Patients have different observation periods (minimum 10 months, maximum 72 months), and the benefits observed in this study may be different if the analysis was performed considering 12 months before the CardioMEMS implant and 12 months after the CardioMEMS implant.

The impact of CardioMEMS on the levosimendan infusion has been calculated assuming a hypothetical scenario in which levosimendan was administered every 21 days. Even if this period were more extended (e.g. 42 days), we would still save 52 vials and €102 000 in total hospitalization costs (hospital stay + drug cost).

Moreover, COVID‐19 significantly impacted the analysis ⁴¹ ; changes in the number of hospitalizations have been widely reported.
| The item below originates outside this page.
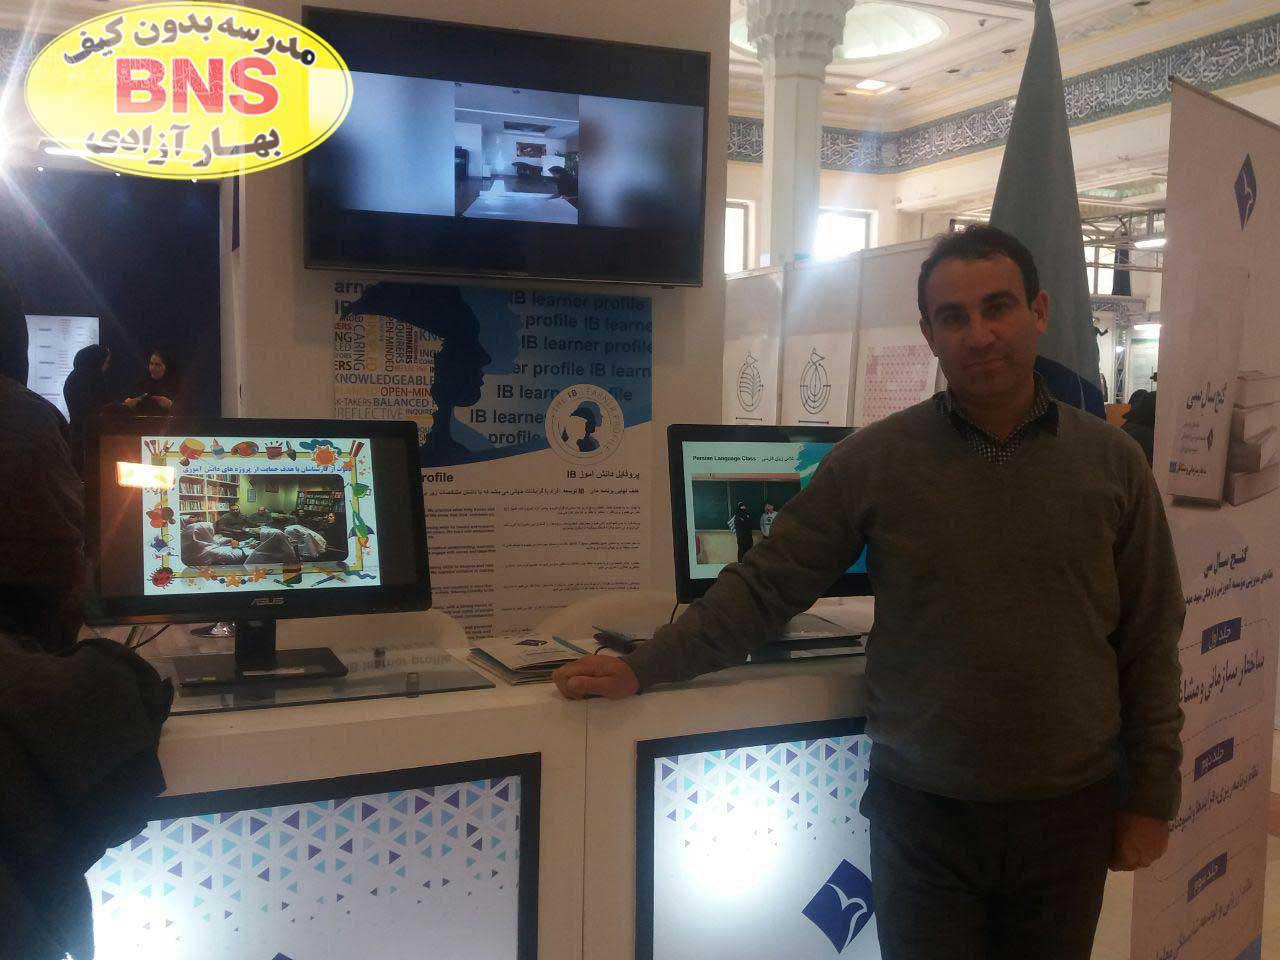 photo 2019 03 01 22 35 05 - نخستین نمایشگاه دستاوردهای مدارس غیر دولتی در تهران

In our study, hospitalizations during COVID‐19 have been considered unplanned, even if planned, as patients have been hospitalized after access to the ED.

Conclusions

The new concept of associating CardioMEMS with levosimendan infusions and its role as a ‘bridge’ device to ventricular assist or heart transplantation appears extremely promising but needs further studies on larger patient cohorts to better define its efficacy and tolerability.
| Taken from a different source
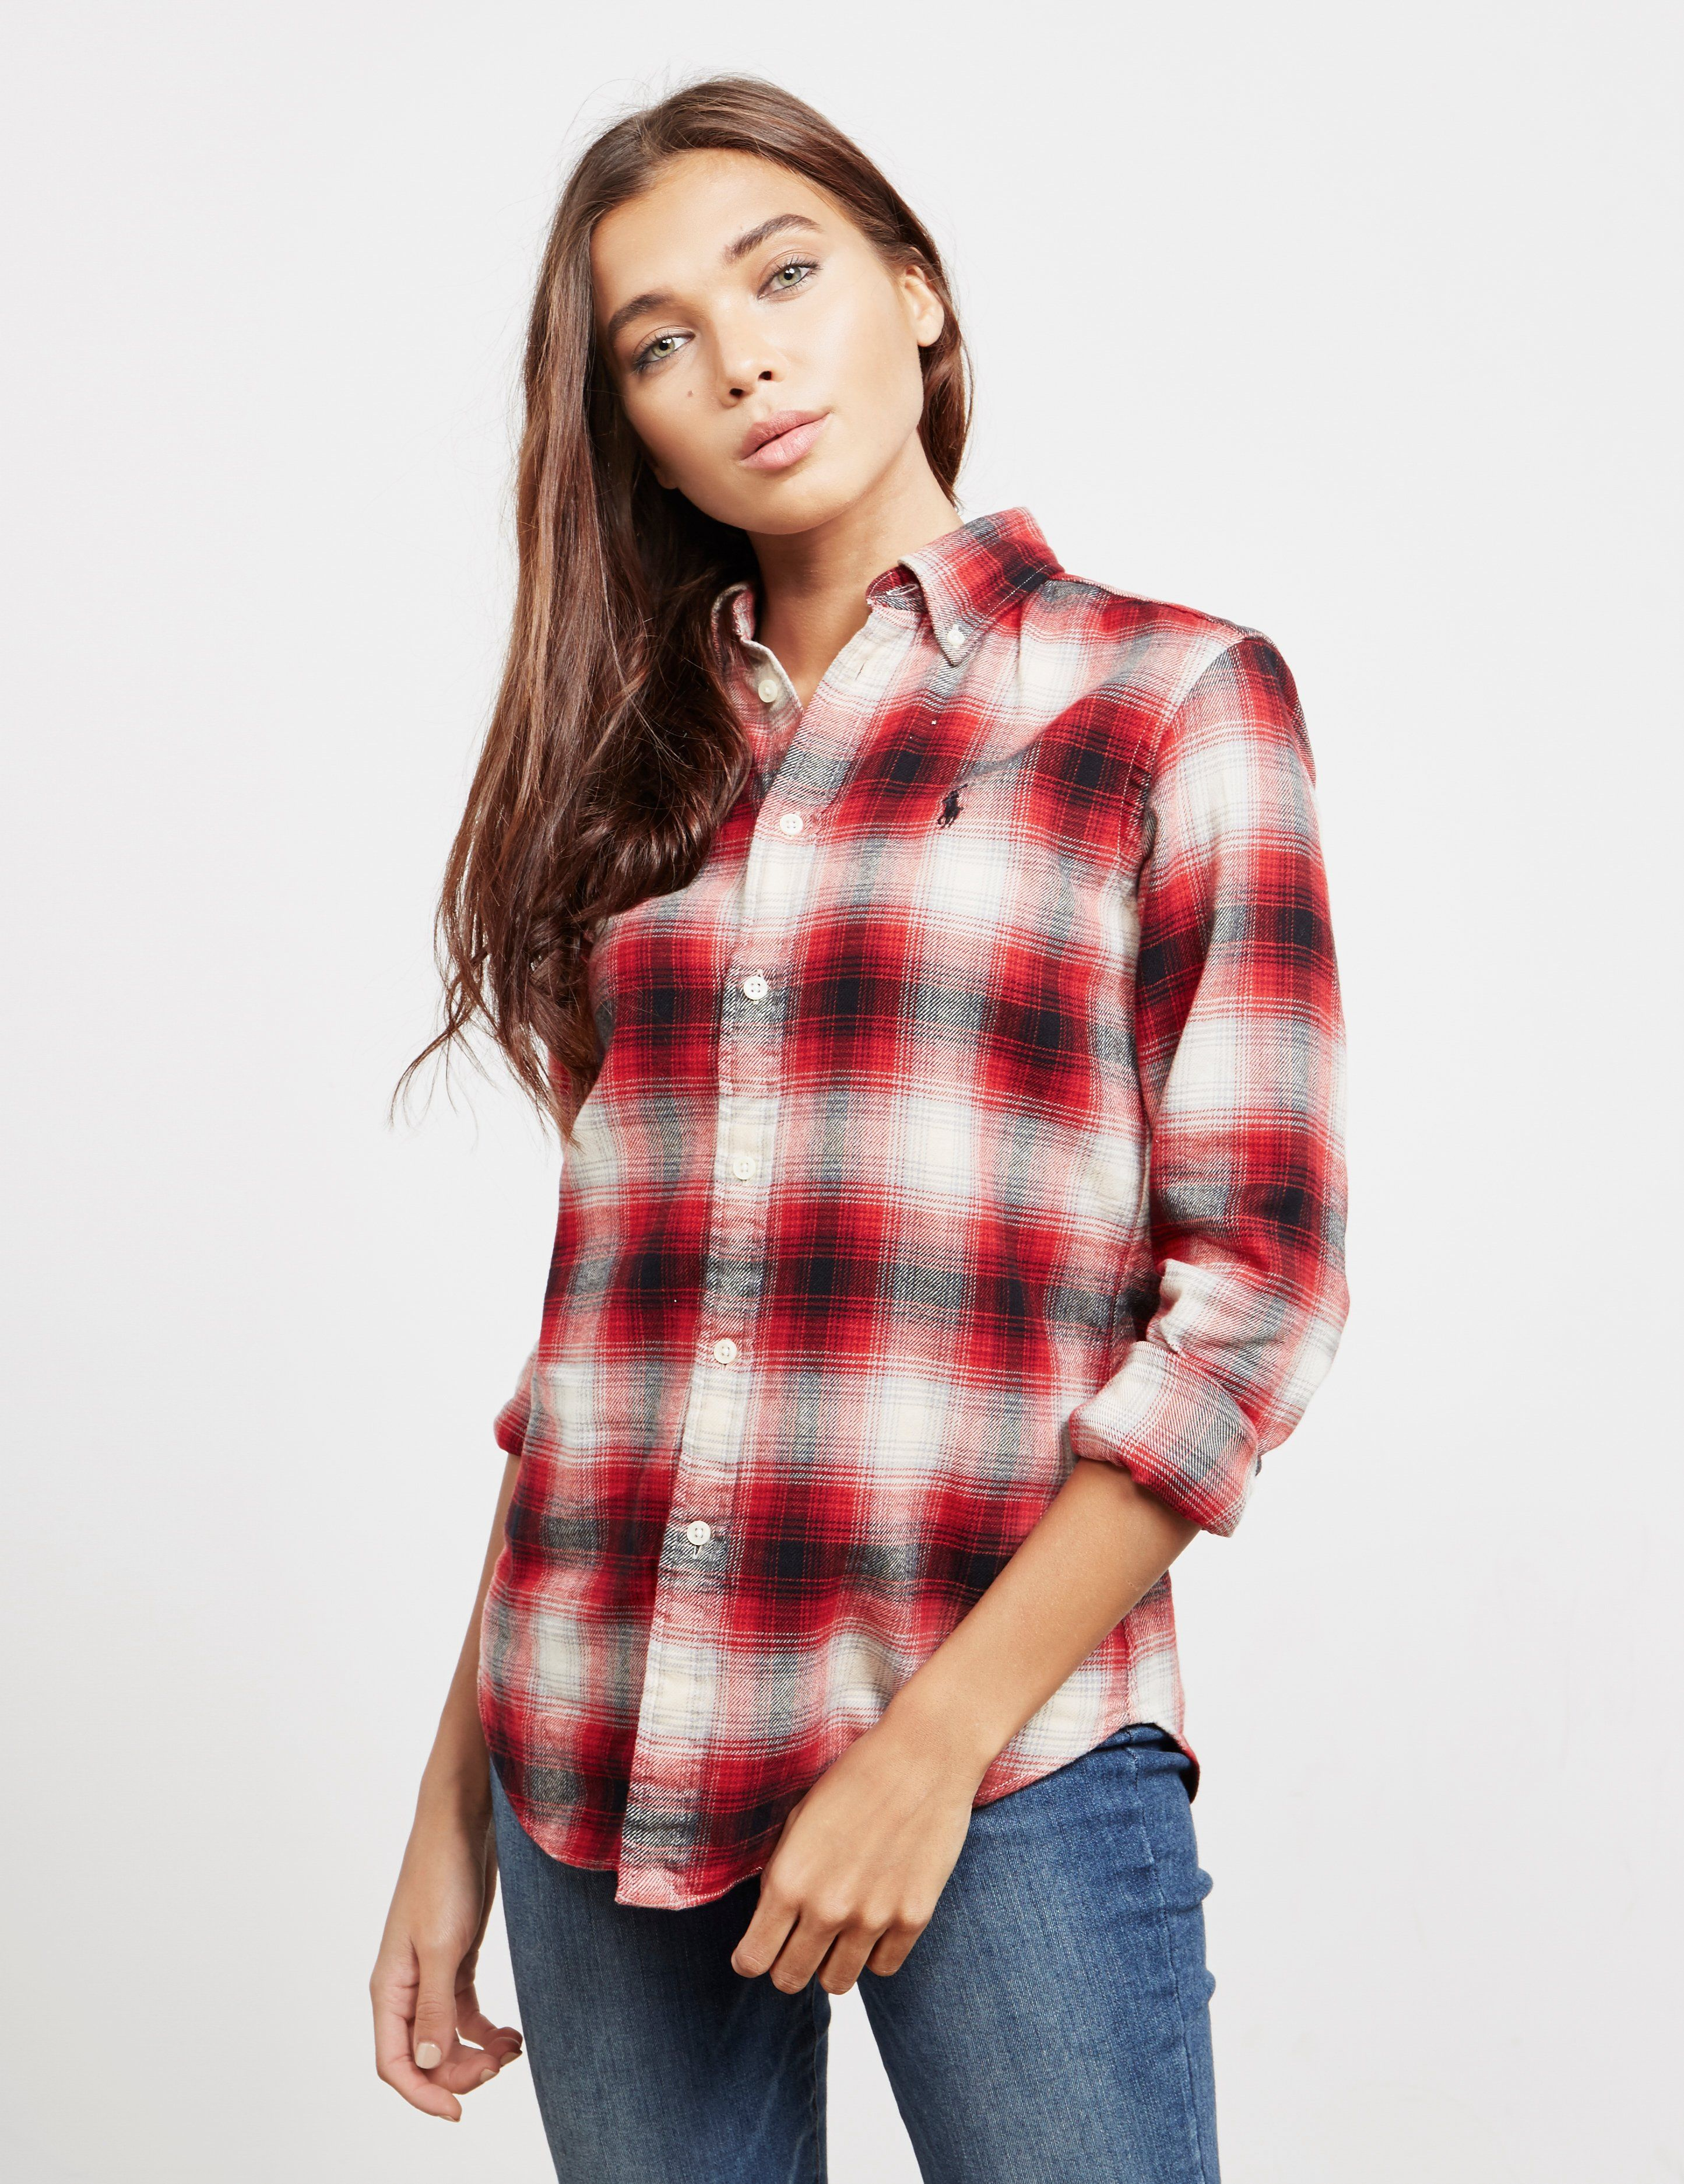 Polo Ralph Lauren Georgia Long Sleeve Shirt

Nevertheless, our preliminary results support the usefulness of this system in the remote management of persons with HF and the rehospitalization reduction for exacerbation and drug management. The parameters' monitoring through the CardioMEMS device allows personalized drug therapy management. Finally, our innovative strategy contributes to achieving organizational efficiency in healthcare facilities and the adequate use and allocation of financial and human resources, resulting in better outcomes for HF patients.

As informed by scientific evidence, national and regional healthcare systems should recognize the value of remote monitoring for challenging illnesses, such as HF. CardioMEMS should be considered the standard of care for persons with HF who are eligible for the device implant.

Payers, decision‐makers, and clinicians should collaborate to redesign patient pathways and define financial mechanisms based on value and outcome.

Conflict of interest

Valeria Visco, Cristina Esposito, Antonella Rispoli, Paola Di Pietro, Carmine Izzo, Francesco Loria, Daniele Di Napoli, Nicola Virtuoso, Alessia Bramanti, Michele Manzo, Carmine Vecchione, and Michele Ciccarelli declare that they have no conflict of interest.

Funding

This work was funded by the SOLOMAX SociaLNetwOrk of MedicAlEXperiences Prog. N. F/260007/05/X51—CUP: B49J21031700008 and Innovation Agreement D.M. 02.8.2019 Life Sciences—MISE.

Supporting information

Table S1. Detailed comparison pre and post implant hospitalization of the CardioMEMS System in all 7 enrolled patients (12 months pre vs. 12 months post).

Visco, V. , Esposito, C. , Rispoli, A. , Di Pietro, P. , Izzo, C. , Loria, F. , Di Napoli, D. , Virtuoso, N. , Bramanti, A. , Manzo, M. , Vecchione, C. , and Ciccarelli, M. (2024) The favourable alliance between CardioMEMS and levosimendan in patients with advanced heart failure. ESC Heart Failure, 11: 2835–2848. 10.1002/ehf2.14838.